Using terraform to create vault_kv_secret resources results in json_data stored in a single key

Hello!

We’re running into an oddity trying to use vault_kv_secret to store secrets in a KV.V1 secret mount. Here is an snippet from our Terraform configuration:

resource "vault_mount" "hello" {
  path        = "hello"
  type        = "kv"
  options     = { version = "1" }
  description = "hello"
}

resource "vault_kv_secret" "hi" {
  path = "${vault_mount.hello.path}/redis"
  data_json = jsonencode(
    {
      endpoint   = "127.0.0.1"
      ttl        = "60m"
    }
  )
}

In this example, we would expect to have the following at /hello/redis, as JSON:

{
  "endpoint": "127.0.0.1",
  "ttl": "60m"
}

Instead, we end up with everything nested under a single key, named data:

{
  "data": {
    "endpoint": "127.0.0.1",
    "ttl": "60m"
  }
}

Can someone explain what we’re doing wrong and/or why this is designed this way?

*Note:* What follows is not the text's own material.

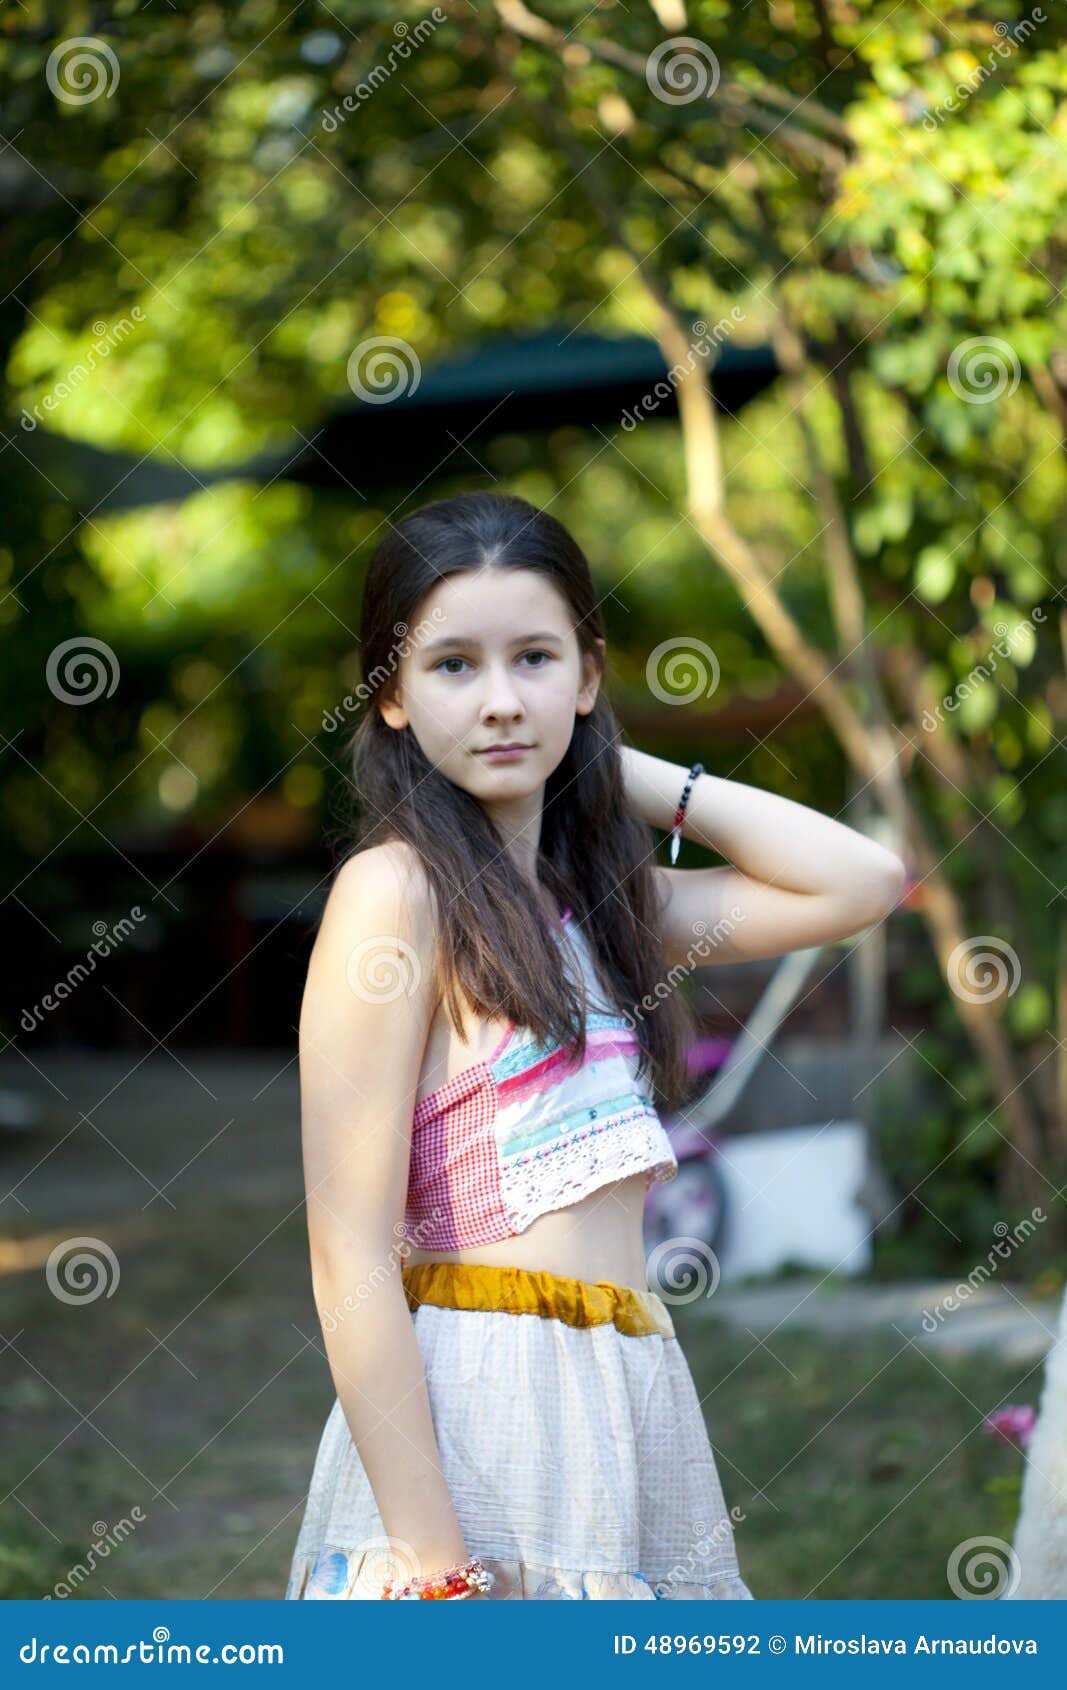 Teenage girl in boho style stock photo. Image of country - 48969592

We’re using version 3.7.0 of the Vault provider against an enterprise Vault cluster running version 1.10.3+ent.

Regards,
Kris

The vault_kv_secret resource was recently implemented. It appears to have been done incorrectly, treating the KV v1 API partially like the KV v2 API, when it is actually different.

It would make sense to open a bug report in the GitHub repo: GitHub - hashicorp/terraform-provider-vault: Terraform Vault provider

Meanwhile, you could switch to using the vault_generic_secret resource instead. (Note: in this context, generic is the old name of the KV v1 secret engine, not a general language term. Unlike the vault_generic_endpoint resource where the same word is used to mean “any Vault endpoint”.)

Thank you. I will give vault_generic_secret a try and report back.

Here is the link to the GitHub issue for anyone else that stumbles upon this: Using terraform to create vault_kv_secret resources results in json_data stored in a single key · Issue #1549 · hashicorp/terraform-provider-vault · GitHub

Confirming that switching to vault_generic_secret works as expected!